The tmp.img.dir parameter is mandatory when generating dfSummaries in R Markdown documents, except for html rendering. The explanation for this can be found further below.

Some users reported repeated X11 warnings; those can be avoided by setting the warning chunk option to FALSE: {r chunk_name, results="asis", warning=FALSE}.

5.2 Optional Statistics

Introduced in version 1.0.0 in response to feature requests, a mechanism provides control over which statistics to shown in the Stats/Values column. The third row, which displays IQR (CV), can be modified to show any available statistics in R. An additional “slot” (unused by default) is also made available. To use this feature, define dfSummary.custom.1 and/or dfSummary.custom.2 using st_options() in the following way, encapsulating the code in an expression():

st_options(
  dfSummary.custom.1 = 
    expression(
      paste(
        "Q1 - Q3 :",
        round(
          quantile(column_data, probs = .25, type = 2, 
                   names = FALSE, na.rm = TRUE), digits = 1
        ), " - ",
        round(
          quantile(column_data, probs = .75, type = 2, 
                   names = FALSE, na.rm = TRUE), digits = 1
        )
      )
    )
)

print(
  dfSummary(iris, 
            varnumbers   = FALSE,
            na.col       = FALSE,
            style        = "multiline",
            plain.ascii  = FALSE,
            headings     = FALSE,
            graph.magnif = .8),
  method = "render"
)

Variable

Stats / Values

Freqs (% of Valid)

Graph

Valid

Sepal.Length [numeric]

Mean (sd) : 5.8 (0.8)

min ≤ med ≤ max:

4.3 ≤ 5.8 ≤ 7.9

Q1 - Q3 : 5.1 - 6.4

35 distinct values

150 (100.0%)

Sepal.Width [numeric]

Mean (sd) : 3.1 (0.4)

min ≤ med ≤ max:

2 ≤ 3 ≤ 4.4

Q1 - Q3 : 2.8 - 3.3

23 distinct values

150 (100.0%)

Petal.Length [numeric]

Mean (sd) : 3.8 (1.8)

min ≤ med ≤ max:

1 ≤ 4.3 ≤ 6.9

Q1 - Q3 : 1.6 - 5.1

43 distinct values

150 (100.0%)

Petal.Width [numeric]

Mean (sd) : 1.2 (0.8)

min ≤ med ≤ max:

0.1 ≤ 1.3 ≤ 2.5

Q1 - Q3 : 0.3 - 1.8

22 distinct values

150 (100.0%)

Species [factor]

1. setosa

2. versicolor

3. virginica

50	(	33.3%	)
50	(	33.3%	)
50	(	33.3%	)

150 (100.0%)

If we had used dfSummary.custom.2 instead of dfSummary.custom.1, a fourth line would have been added under IQR (CV).

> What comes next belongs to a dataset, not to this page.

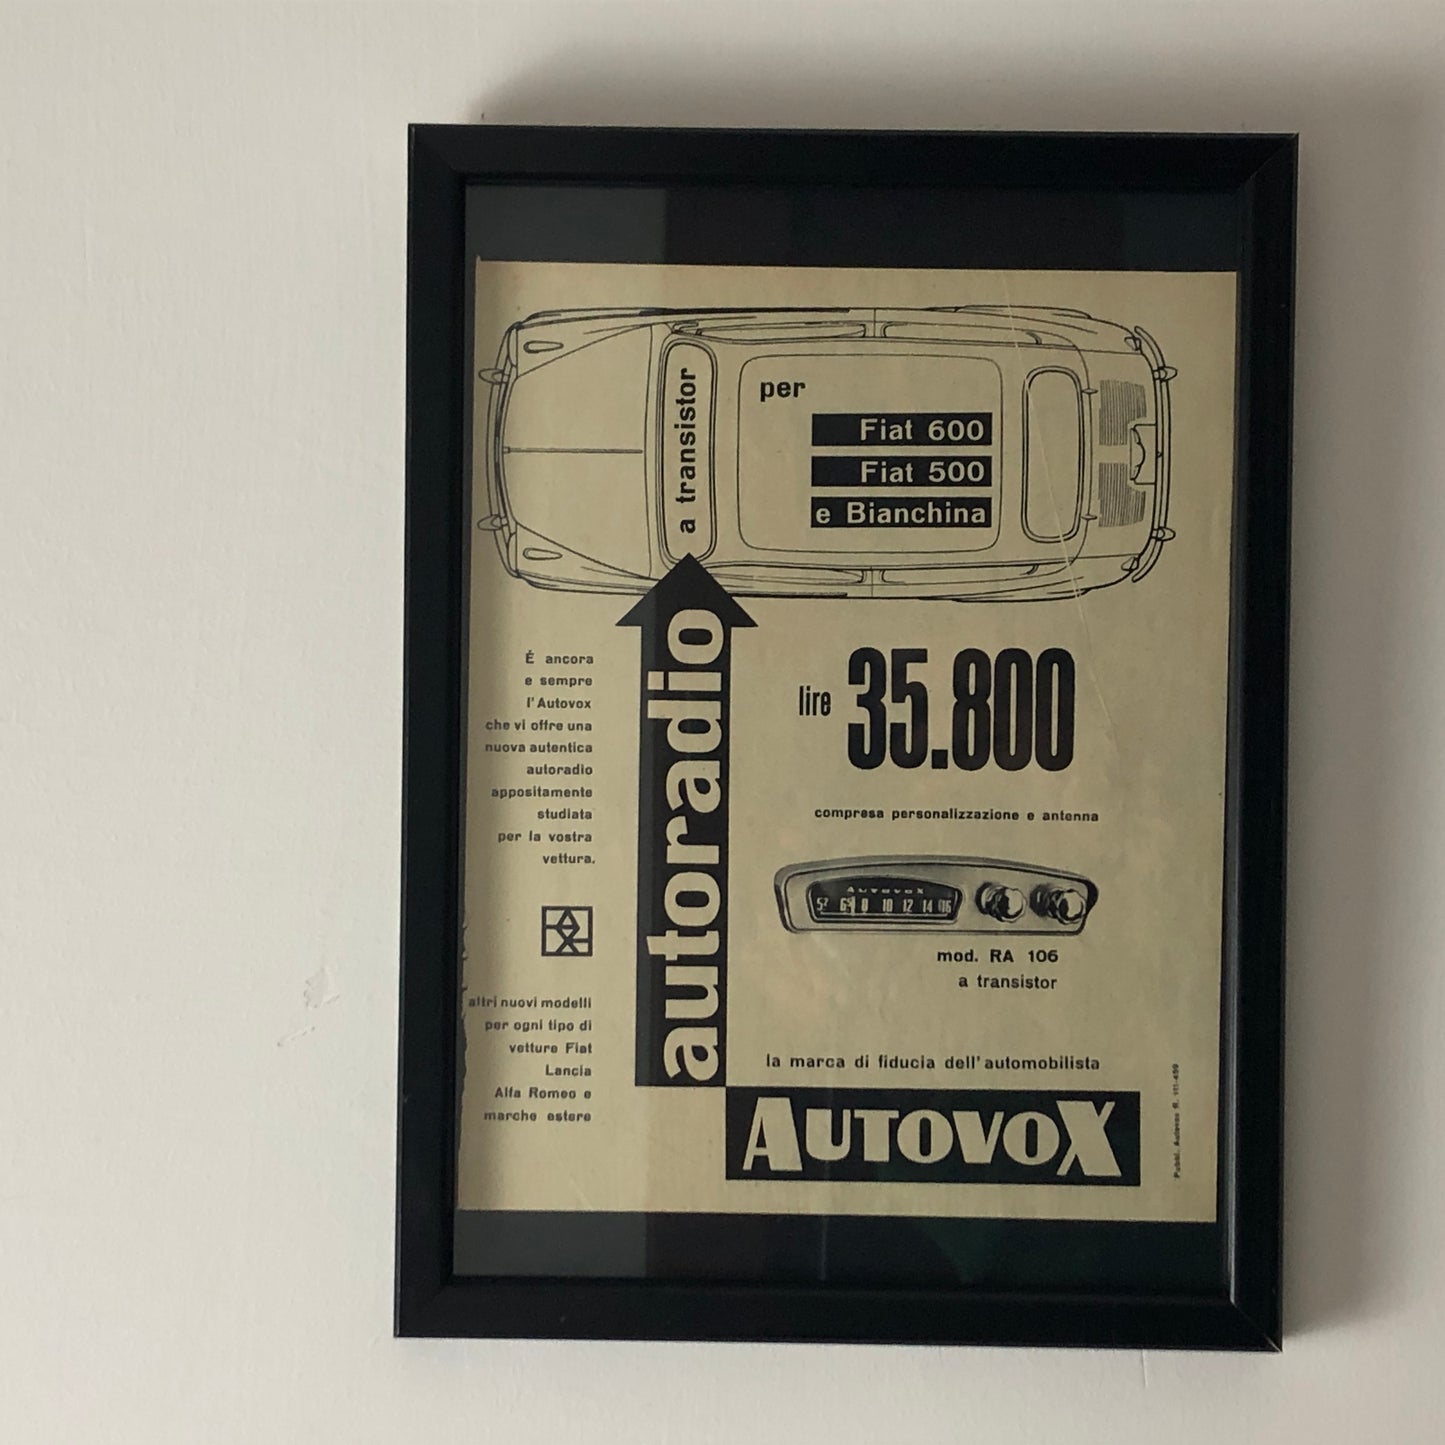 Autovox, Pubblicità Anno 1959 Autovox Autoradio per Fiat 600 Fiat 500 e Bianchina

Note that instead of round(), it is possible to use the internal function format_number(), which will ensure correct formatting of numbers according to all specified arguments (rounding digits, decimal mark, big/small mark, etc.). The variable round.digits, which contains the value of st_options("round.digits") can also be used.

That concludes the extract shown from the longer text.